**Extracted material**:
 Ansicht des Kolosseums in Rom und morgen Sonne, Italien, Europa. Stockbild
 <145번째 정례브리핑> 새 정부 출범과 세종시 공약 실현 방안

...

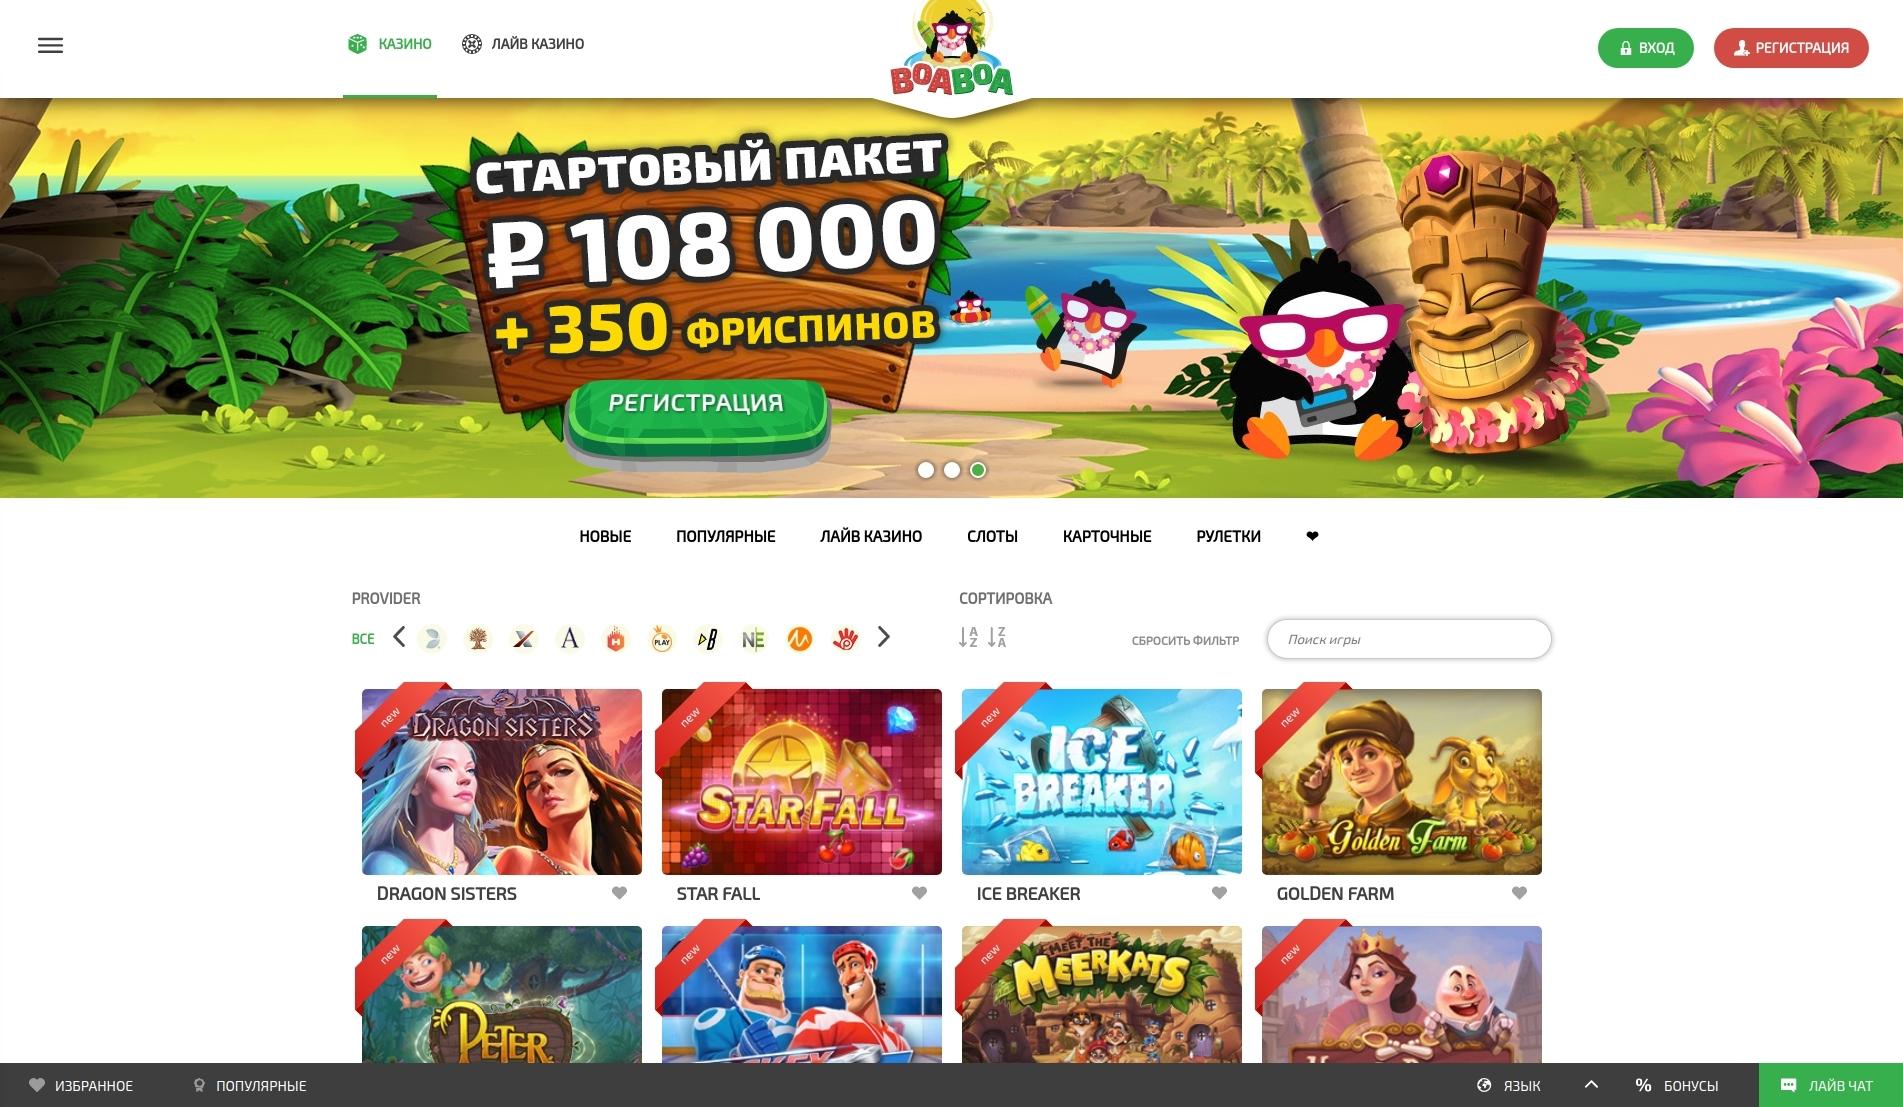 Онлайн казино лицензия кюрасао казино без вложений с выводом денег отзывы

**Task instructions**: Could you set down, word for word, only the lines above from the line with "Ansicht des Kolosseums" to the line with "<145번째 정례브리핑> 새 정부 출범과 세종시 공약 실현 방안", including both?

**Completed exercise**:
 Ansicht des Kolosseums in Rom und morgen Sonne, Italien, Europa. Stockbild
 <145번째 정례브리핑> 새 정부 출범과 세종시 공약 실현 방안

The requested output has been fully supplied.